Чувствуя, что он тоже, вероятно, не увидит больше Гортензию и Евгения, Богарне все чаще пишет прошения. Он утверждает, что его жена, «также истинная патриотка», с самого начала Революции не покидала территорию Республики. Что до него самого, то держать его у кармелитов — преступление. Его надо освободить. «Если мне будет возвращена свобода, которой я постоянно служил, — обещает он, — я употреблю ее исключительно на то, чтобы усугубить ненависть к королям в сердце своих детей…» — тех самых, что в свой день и час увенчают себя коронами. И почти все внуки этого «подлинного санкюлота и республиканца», как аттестуют его жители Ферте-Орена, требуя от Комитета возвращения своего мэра, воссядут на троны.
Генерал Богарне погибнет вовсе не из-за того, что позволил взять Майнц. Головы в те дни падают, как черепицы в ветреный день. В начале термидора, то есть в конце июля 17 94, террор достигает апогея. Для быстрейшего опорожнения переполненных арестных домов фабрика Фукье разработала новый метод производства — тюремные заговоры. На одном из окон Сен-Лазара подпилили прут в доказательство того, что заключенные пытались бежать, но не затем, конечно, чтобы поскорее скрыться, а чтобы «умертвить членов Комитета»! Сверх того, арестантов обвинили в том, что они искали общества дворян, вместе с которыми содержались под стражей. И вот уже их обвиняют в том, что они жили вместе с врагами Республики. 2 2 июля пристав трибунала является к кармелитам, чтобы допросить сорок девять местных обитателей перед отправкой их в Консьержери. Александр входит в их число. Он бросается к Дельфине и отдает ей арабский перстень, который носит на пальце, а Розе, опасаясь ее слез, всего лишь пишет: «Судя по всем признакам, сопровождавшим своего рода допрос, которому подвергли сегодня довольно большое число арестантов, я стал жертвой злодейской клеветы нескольких аристократов, патриотов, так сказать, этого учреждения. Безапелляционность этой адской комбинации, которая будет сопровождать меня до самого революционного трибунала, не оставляет мне никакой надежды увидеть тебя, мой друг, и обнять моих дорогих детей. Не стану говорить тебе о своей печали; моя нежная любовь к ним, братская привязанность, соединяющая меня с тобой, не дают тебе никаких оснований сомневаться в чувстве, которое я сохраню до последнего вздоха».

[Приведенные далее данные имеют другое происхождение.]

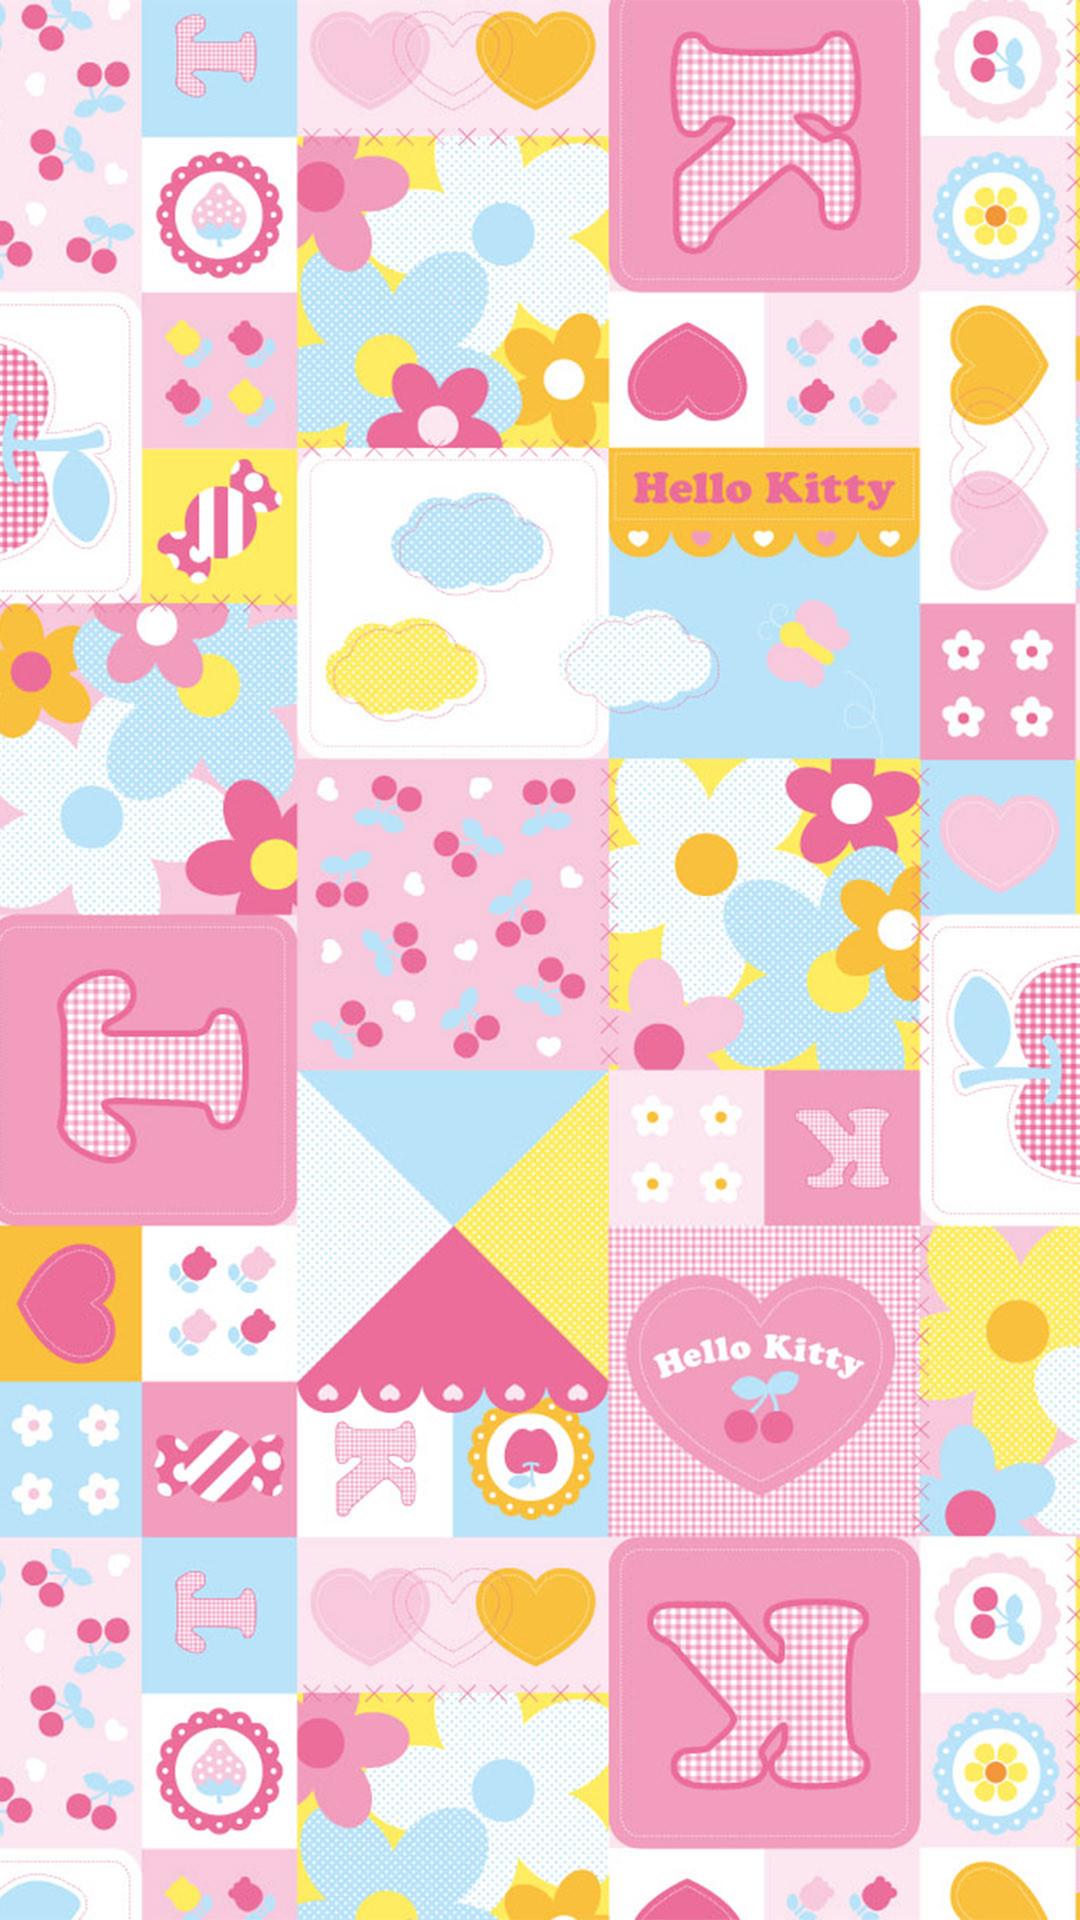 "Girly cute iPhone wallpaper. """

Допросы продолжаются, и Александр пользуется этим, чтобы набросать следующие строки, адресованные будущей Жозефине… и потомству: «Я сожалею также, что расстаюсь с отечеством, которое люблю и за которое тысячу раз охотно отдал бы жизнь. Я умру со спокойствием, позволяющим воскорбеть о самых дорогих своих привязанностях, и с мужеством, характеризующим свободного человека, чистую совесть и честную душу, самое пламенное желание которой — процветание Республики. Прощай, мой друг. Найди утешение в наших детях и сама утешь их, просветив их и, главное, внушив им, что добродетель и гражданственность сотрут воспоминание о моей казни и напомнят о моих заслугах и правах на признательность нации. Прощай. Ты знаешь, кто мной любим; будь же им утешением и продли своими заботами мою жизнь в их сердцах. Прощай, Я в последний раз в жизни прижимаю к сердцу тебя и моих дорогих детей».

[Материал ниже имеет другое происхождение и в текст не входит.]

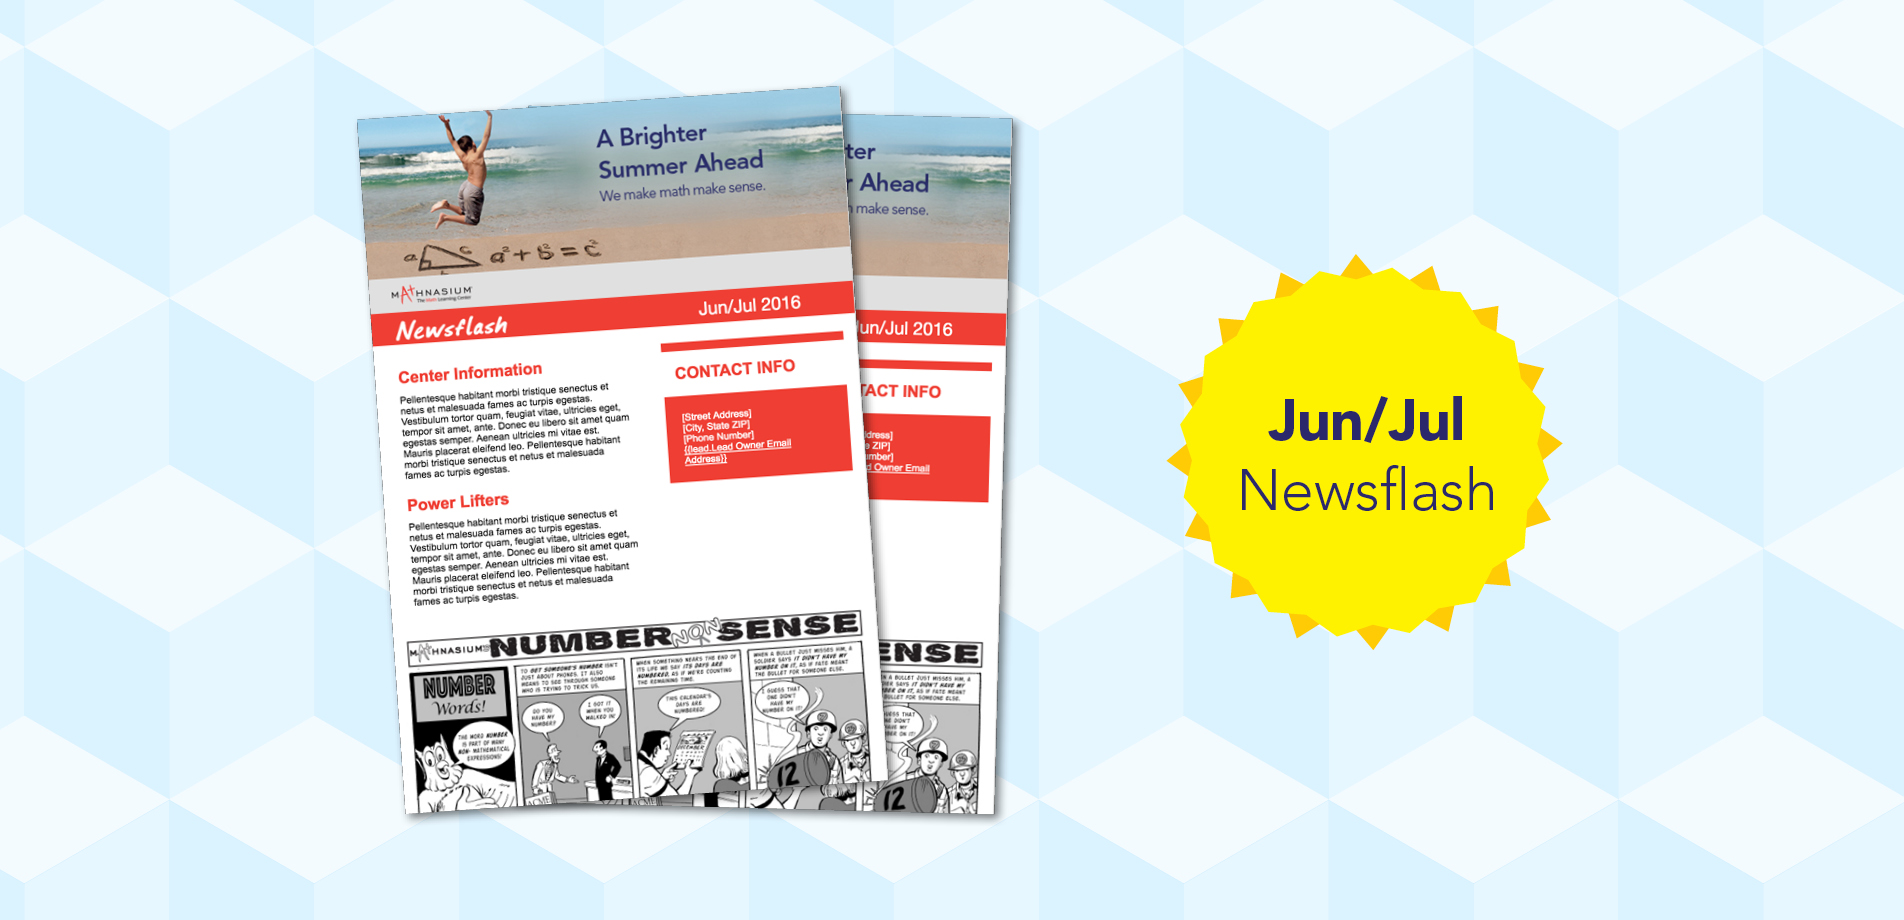 Sample-Email-Newsflash-June-2016

На следующий день, 5 термидора, то есть 23 июля, в обществе мелких торговцев, принцев Роган-Монбазона и Сальма, журналиста шевалье де Шансене и депутата маркиза де Гуи д'Арси Александр мужественно всходит на эшафот.
5 термидора!
Еще четыре дня, и он ускользнул бы от смерти. А Жозефина, разумеется, не стала бы императрицей.
Роза, простертая на койке, боится шевельнуться. Даже шутки весельчака Сантерра не могут вывести ее из оцепенения. Она думает не столько об Александре, сколько о себе. Тюрьма продолжает пустеть… Это отнюдь не успокаивает арестантку. Неужто ей придется последовать за мужем и в свой черед подняться по лестнице Сансона?[62] Она имеет все основания этого опасаться, и перед лицом смерти мужество покидает креолку. Она проводит дни, гадая себе на картах или плача на глазах у всех, к «великому осуждению своих сотоварищей», потому что дрожать при воспоминании о последней телеге с приговоренным считается дурным тоном. Слезы позволительны, только когда нет свидетелей.